One of Amarante’s most significant works was the new church at the Sanctuary of Bom Jesus do Monte, designed in 1781 and built between 1784 and 1811. The archbishop of Braga wished for it to be of a monumental scale, comparable to the Estrela Basilica and the Palace of Mafra. He was responsible not only for the church but also for the surrounding gardens, the chapels, the Fountain of Moses, and the Stairway of Virtues.

For the high altar retable at Bom Jesus do Monte, completed in the late 1790s, Amarante blended Baroque grandeur with emerging Neoclassical trends, possibly influenced by Italian models from Lisbon or Porto, such as the work of Luís Chiari.
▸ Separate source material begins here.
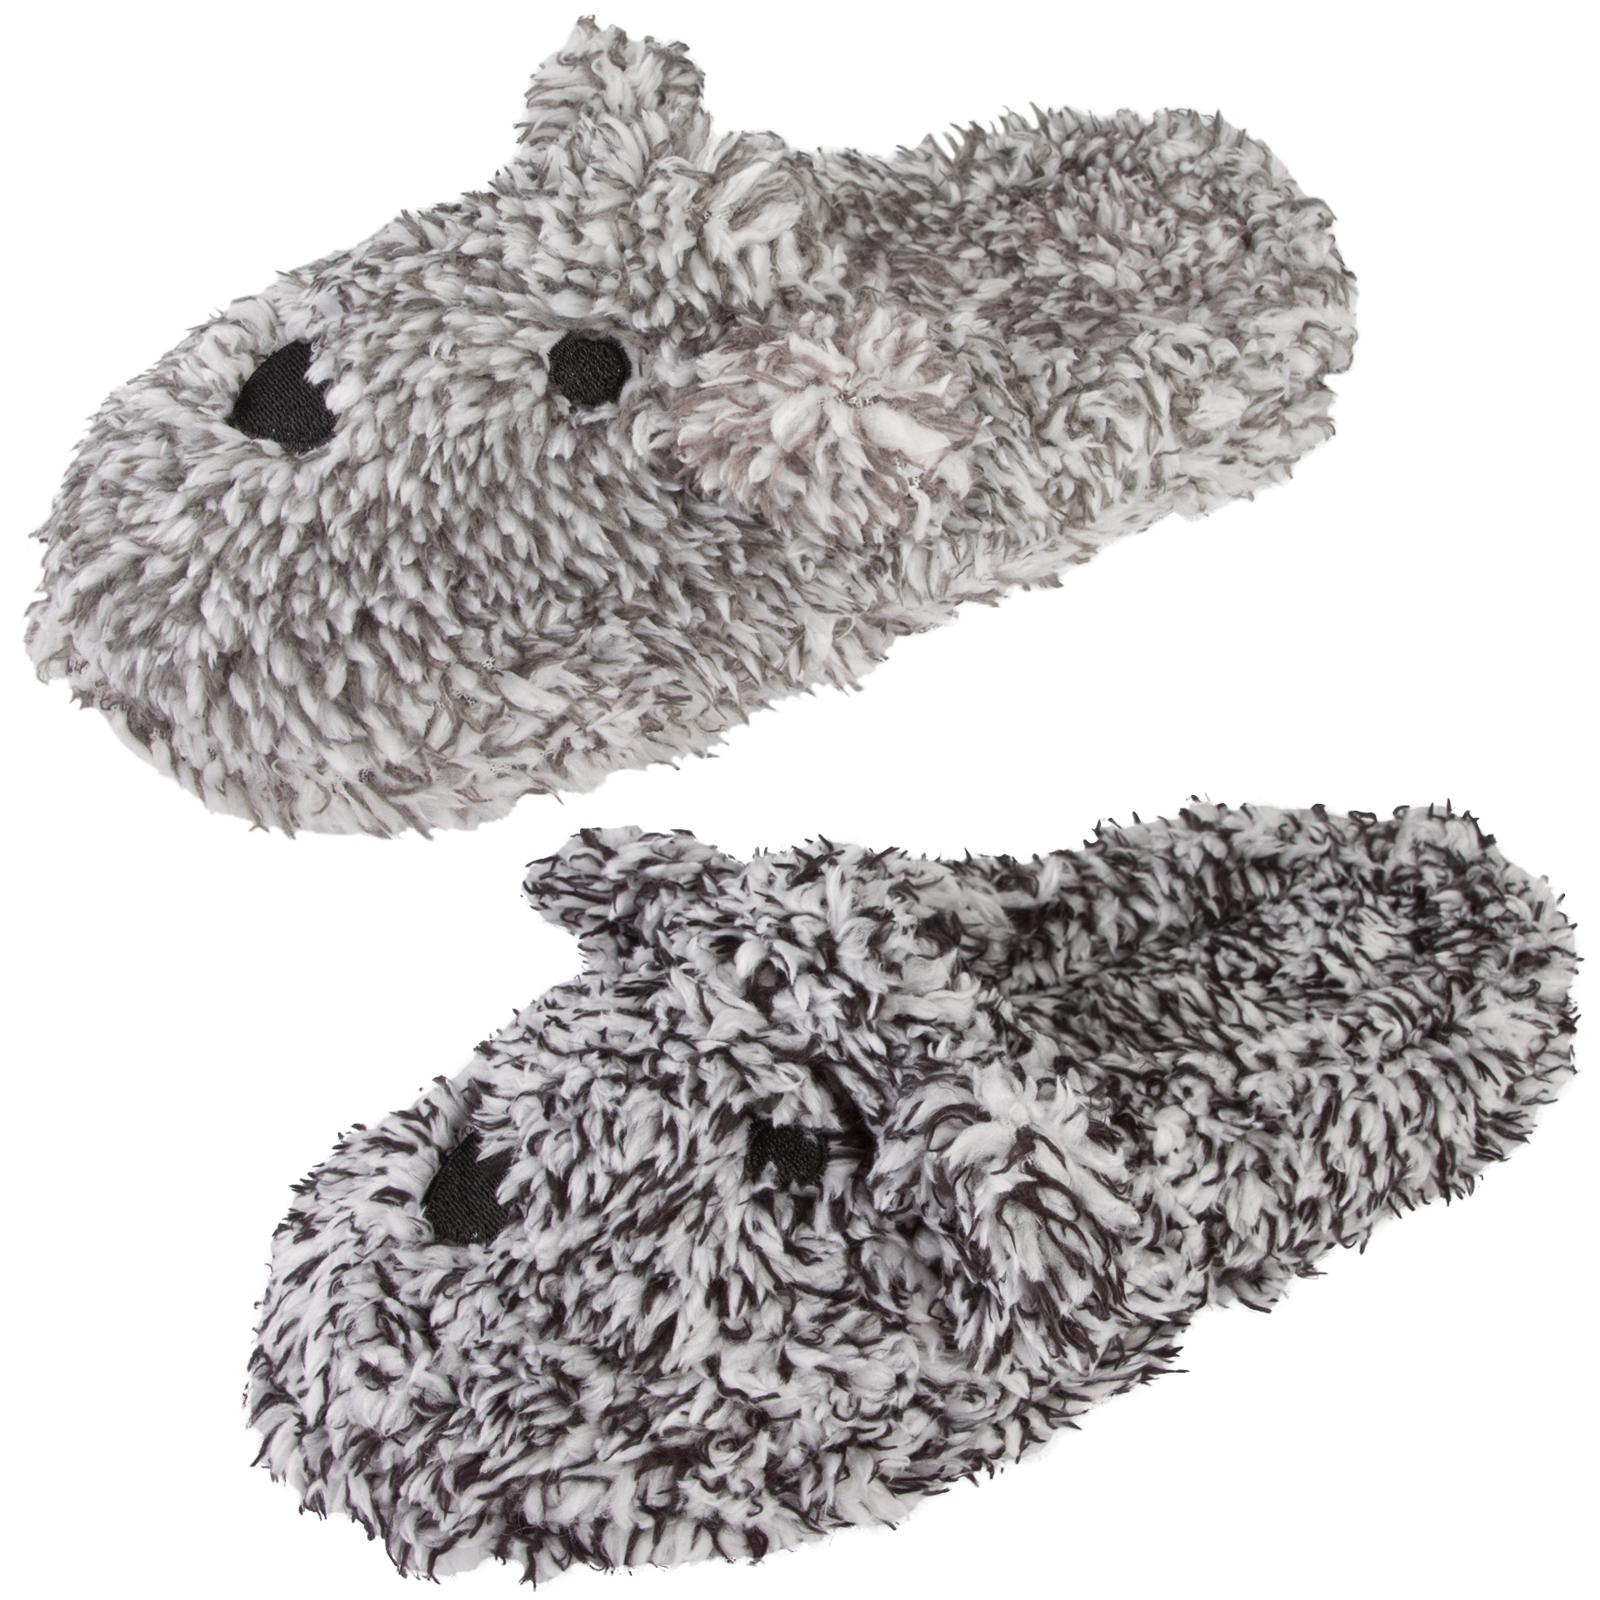 74655fb3549e Womens 3D Novelty Mules Soft Faux Fur Marl Teddy Bear Slippers Xmas ...

His design featured a baldachin supported by straight, free-standing columns, a departure from heavily ornamented Baroque forms, replacing the typical crowning element with a dome. Nonetheless, its ornamental volutes echoed earlier Baroque influences, particularly the baldachin of Saint Peter’s Basilica in Vatican City. Amarante also proposed simplifying the Calvary iconography, reducing the number of figures in line with contemporary aesthetics favoring clarity. However, local confraternities resisted, preferring a more traditional Baroque arrangement. The final design was a compromise: the baldachin kept its Neoclassical framework, but the Calvary maintained its expanded sculptural group, preserving Baroque sensibilities. Additional elements, such as the Arma Christi and a pelican motif, further linked the work to the earlier styles.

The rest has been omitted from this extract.